BUZZ AI Gateway
Docs · Concepts · Prompt Caching

Prompt Caching

Anthropic's prompt cache lets repeated long contexts be billed at one-tenth the input price. The mechanism is dead simple from the outside: tag a content block with cache_control, and on subsequent calls those tokens count as cache_read_input_tokens instead of input_tokens. Knowing when, where, and how long to cache turns this from a nice optimization into a major cost lever.

What it is

A Claude request is, at the model level, a flat stream of tokens. The cache lets Anthropic memoize the prefix of that stream. The first time you send a tagged prefix, the model processes it and Anthropic writes the resulting attention state to an ephemeral cache. Subsequent requests that share the same prefix skip the compute and pay a small read fee instead.

The pricing model is straightforward:

Token categoryRelative cost
Standard input1.0×
Cache write (5-minute)1.25× (one-time)
Cache write (1-hour)2.0× (one-time)
Cache read0.1×
Output5.0× (varies by model)

You pay a small premium on the first call, then 90% off forever (well, until the TTL expires). The arithmetic is favorable any time the cached prefix is reused at least twice within its TTL window.
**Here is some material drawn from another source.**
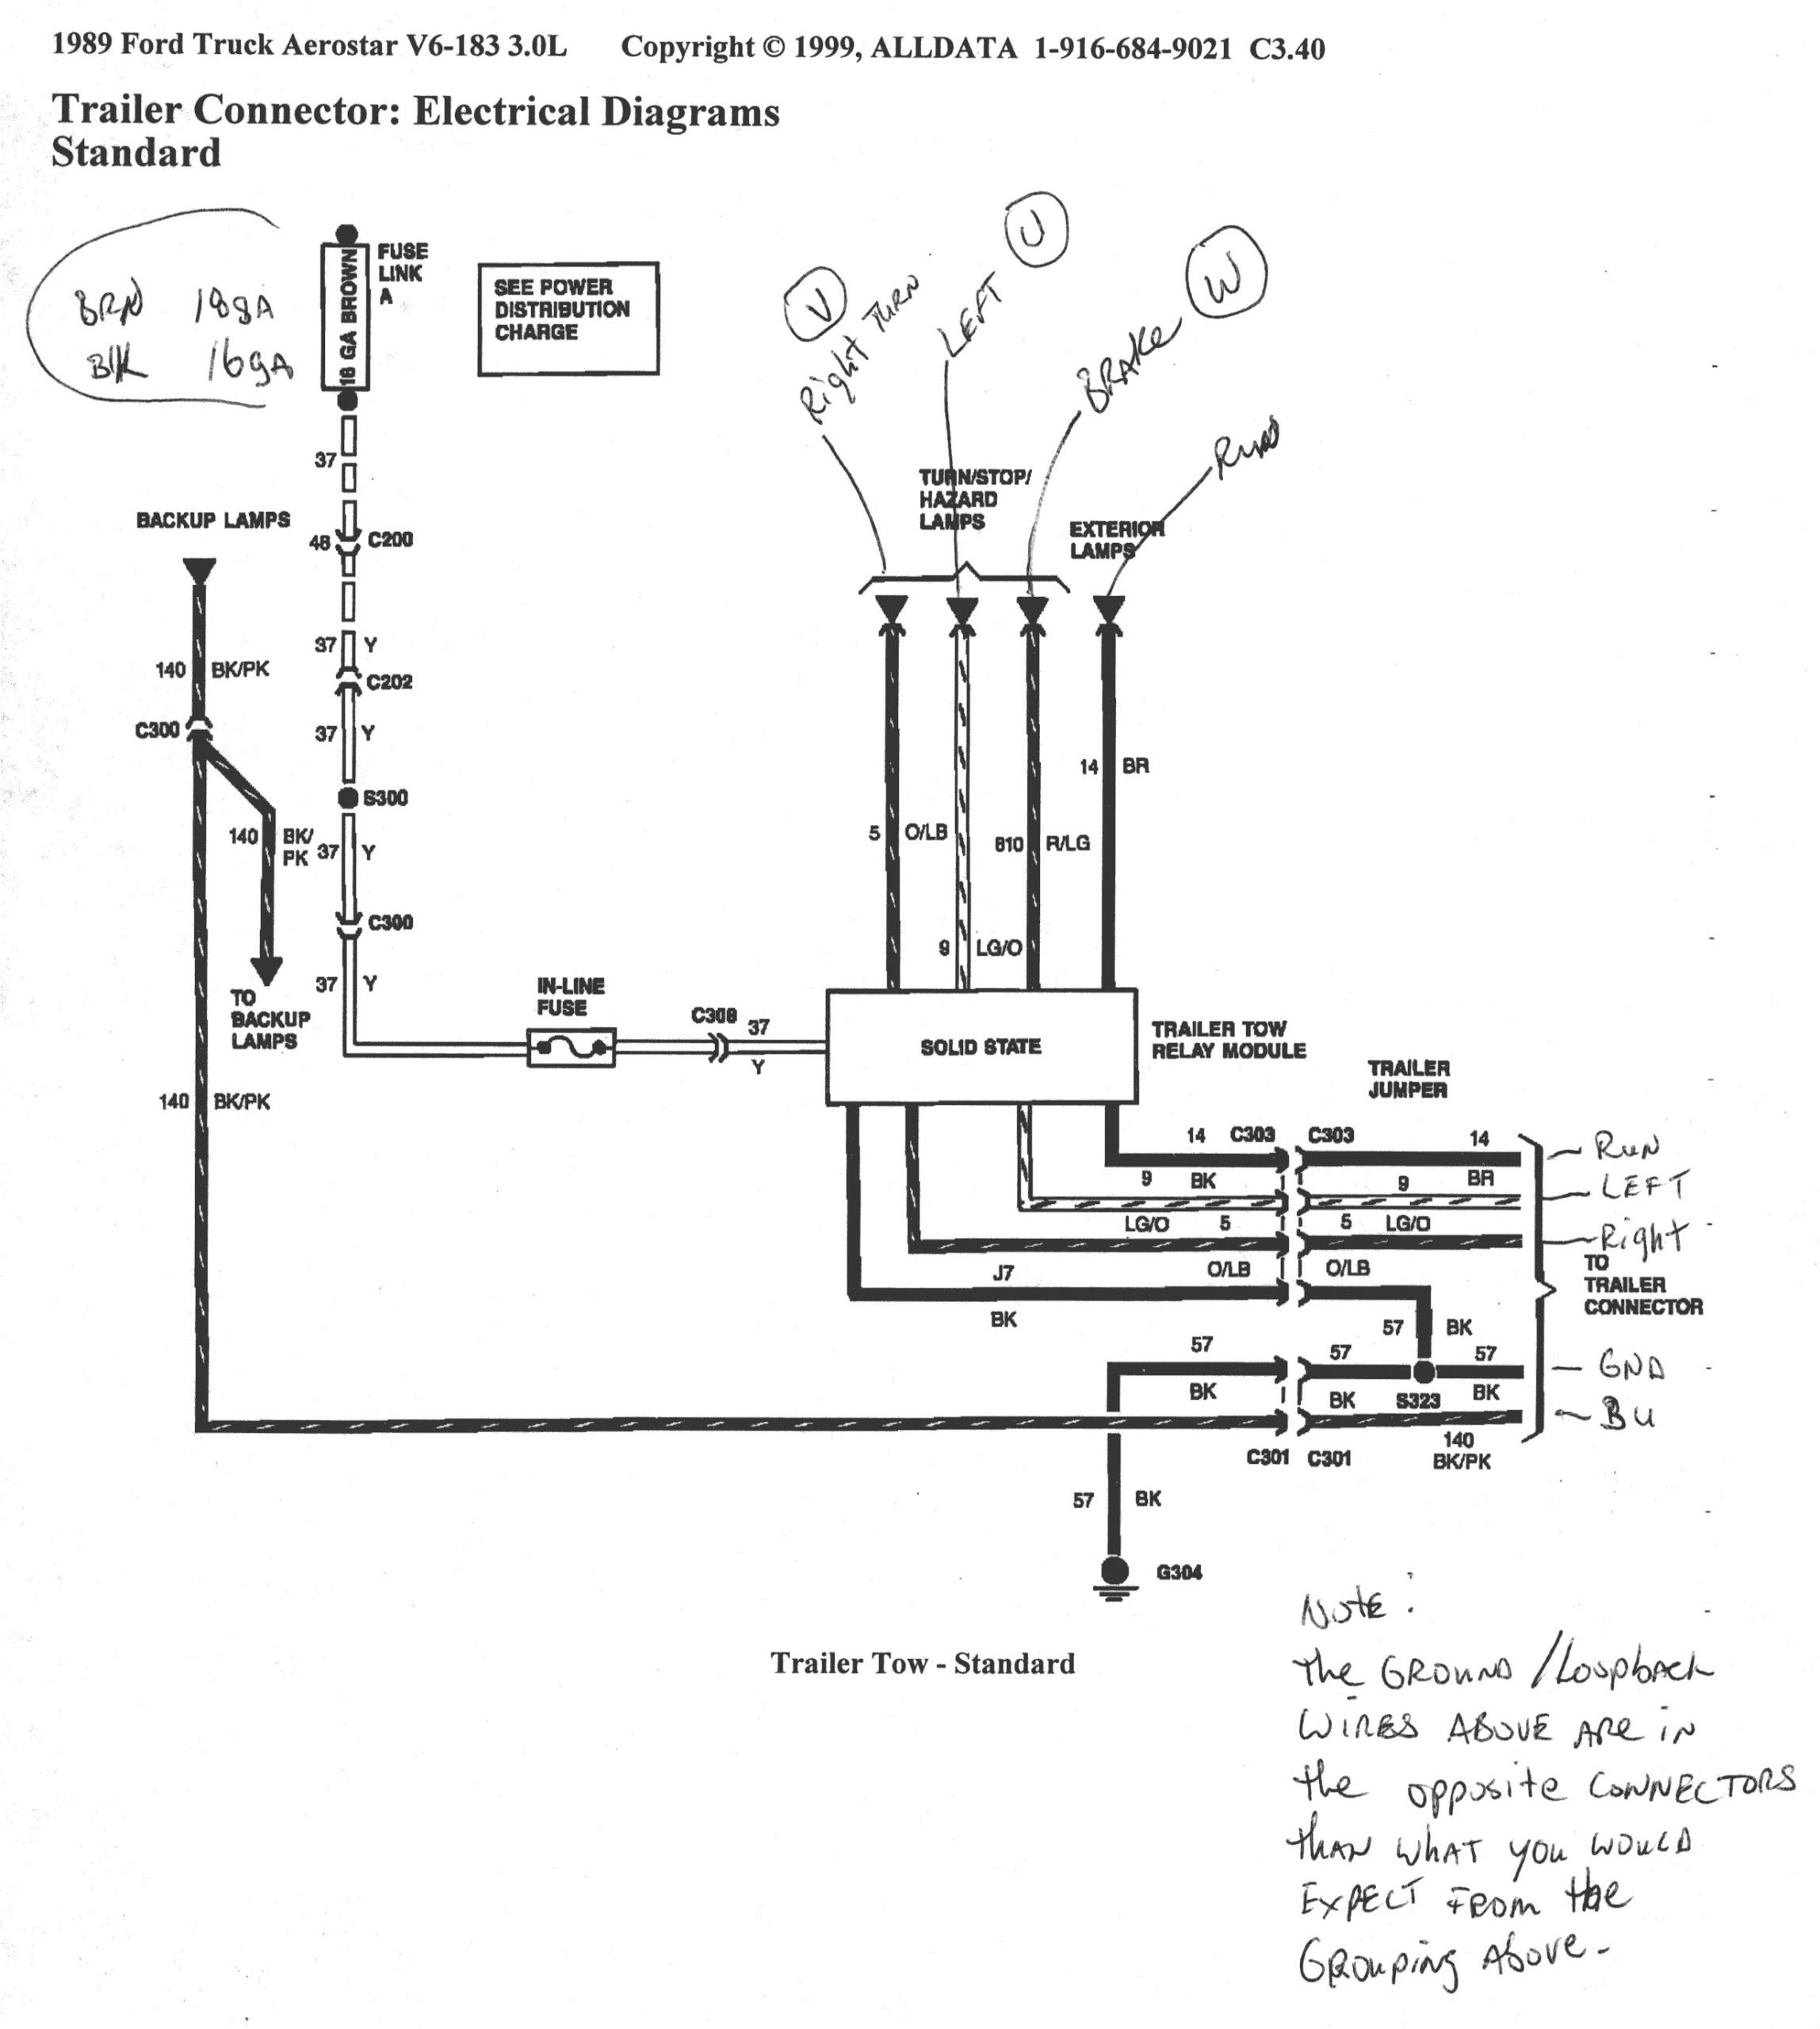 2004 ford explorer wiring harness diagram ford f150 trailer wiring harness diagram awesome f350 westmagazine rh natebird me 2004 ford f 250 15p jpg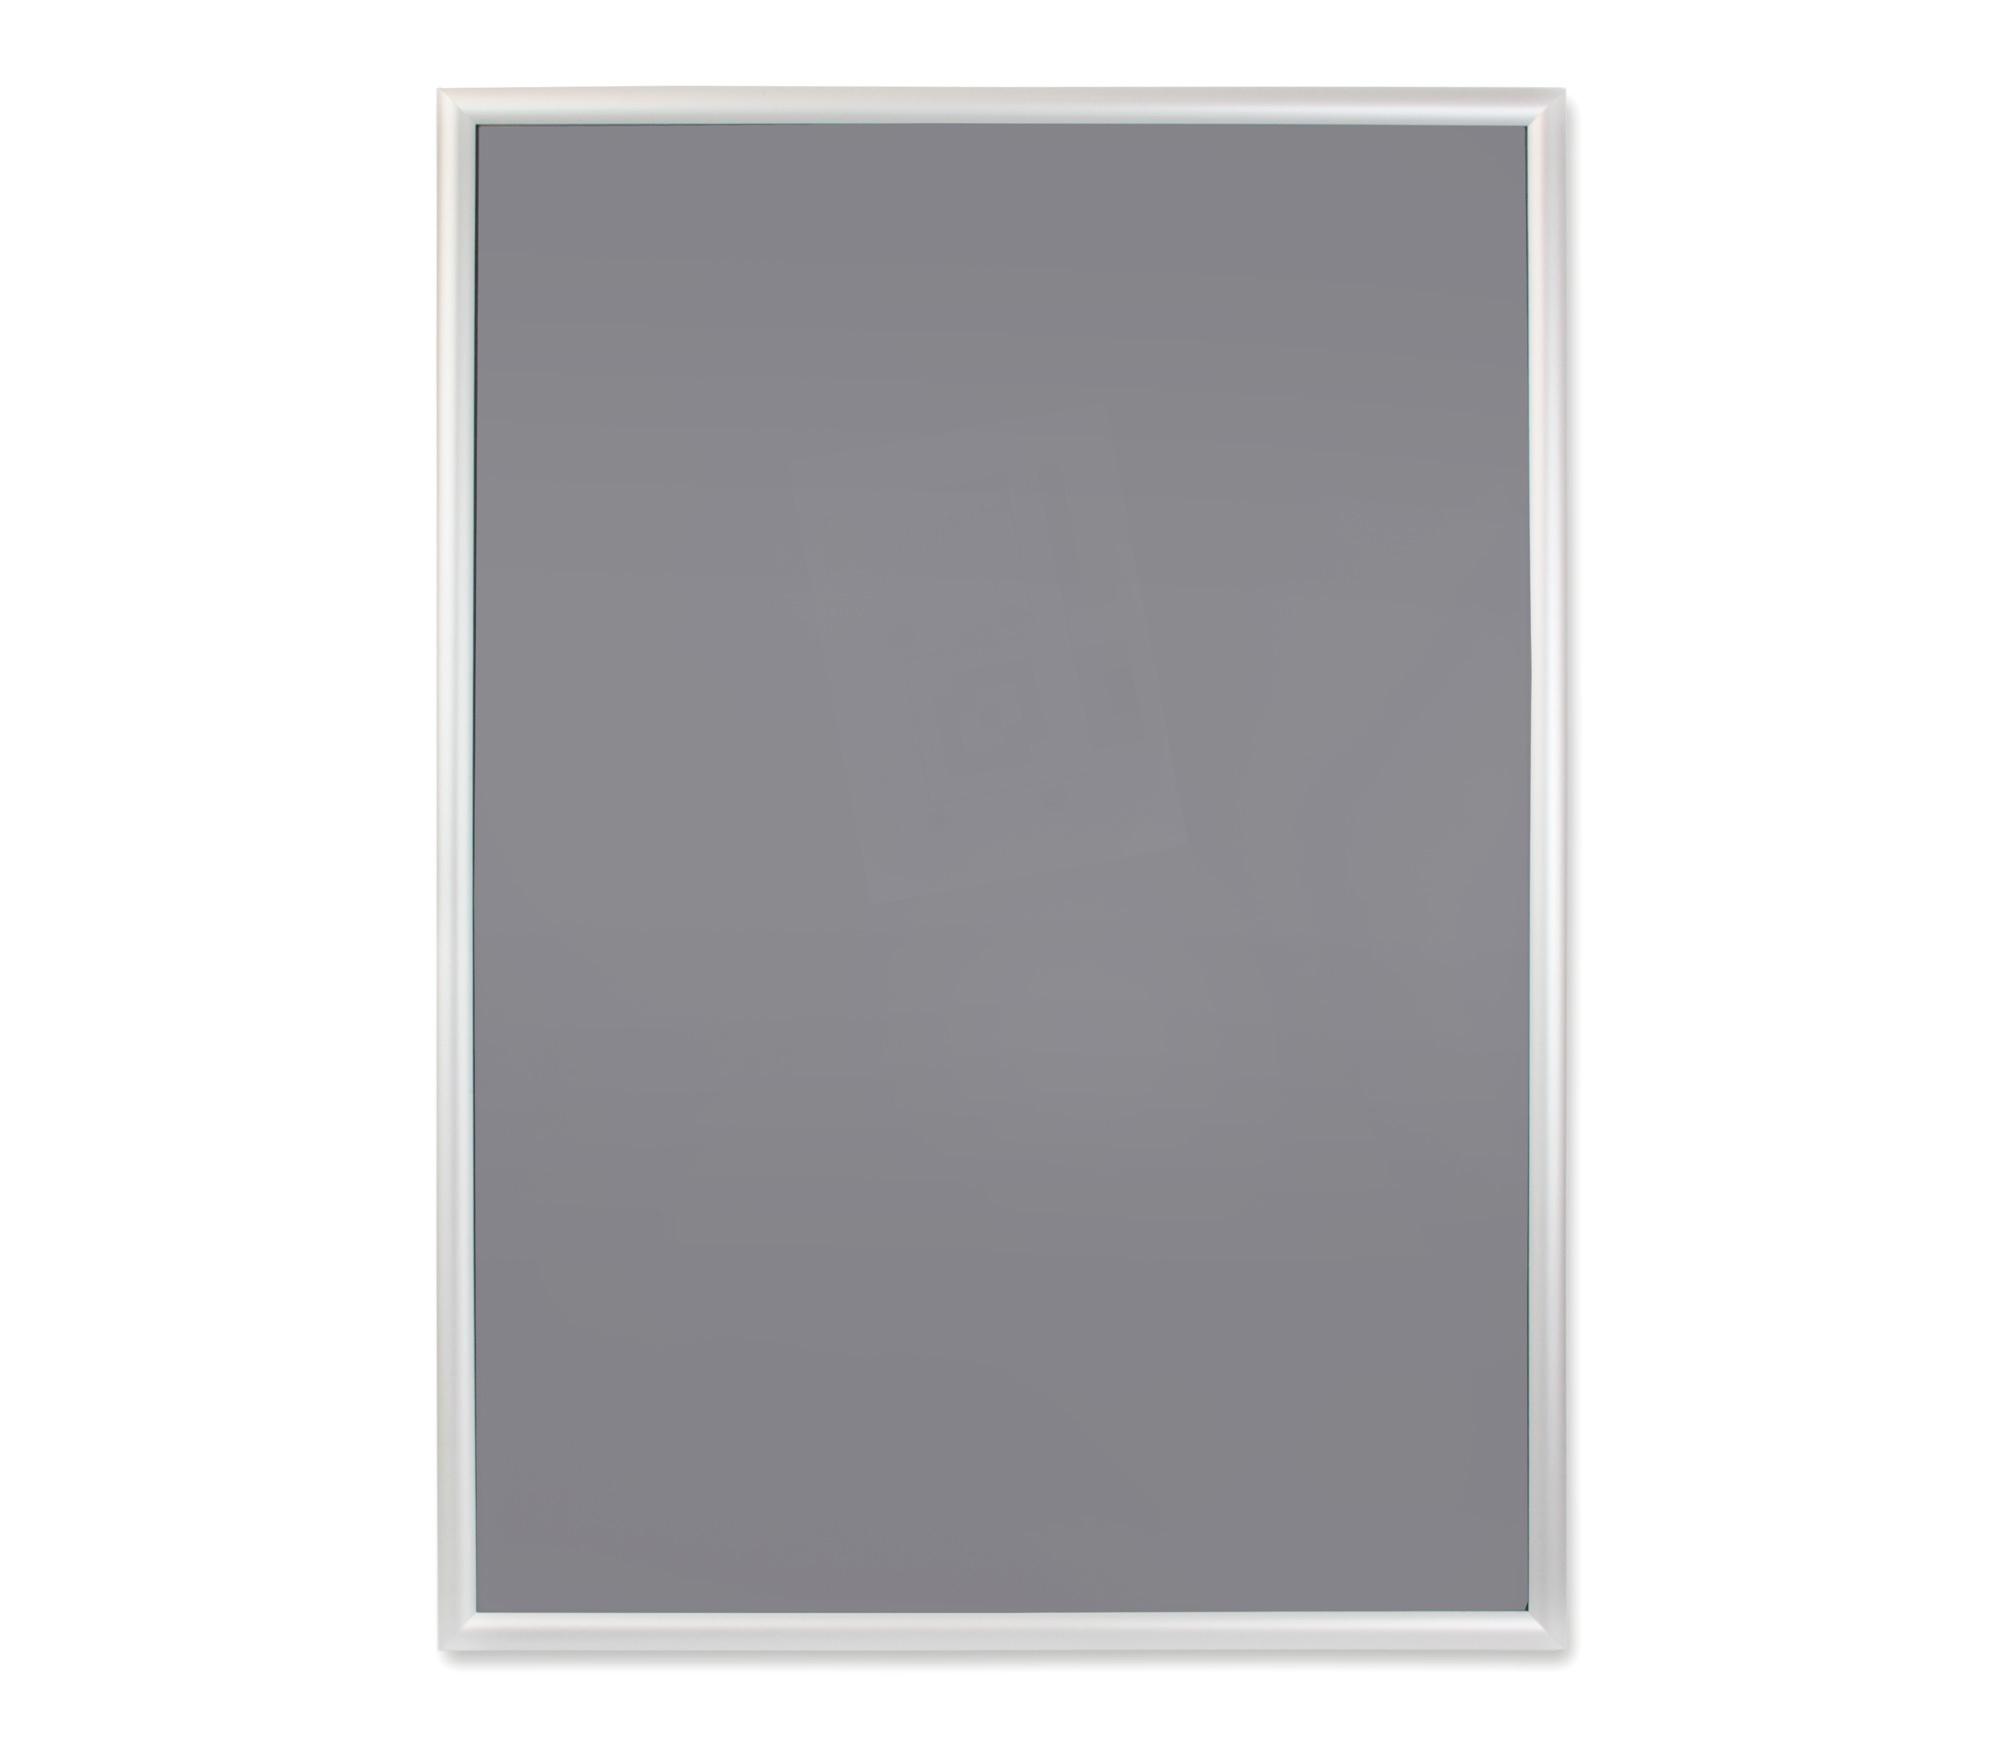 Ramka OWZ B1 plakatowa zatrzaskowa aluminiowa

These multipliers are Anthropic-published pricing, applied upstream. BUZZ forwards cache_control directives byte-for-byte and bills based on the cached/non-cached token counts the upstream returns — it does not impose any additional cache surcharge.

How cache_control works

You annotate one or more content blocks with cache_control. The marker says "everything from the start of the request up to and including this block is a candidate cache prefix". Anthropic builds a hash of that prefix and looks it up.

{
  "model": "claude-haiku-4-5-20251001",
  "max_tokens": 512,
  "system": [
    {
      "type": "text",
      "text": "<30 KB of stable instructions and context>",
      "cache_control": {"type": "ephemeral"}
    }
  ],
  "messages": [
    {"role": "user", "content": "Question about the context above"}
  ]
}

Two important rules:

  1. Cache breakpoints are positional. The cached span runs from byte zero to the marked block. If you change anything earlier in the prompt, the cache misses. Stable, unchanging content goes first.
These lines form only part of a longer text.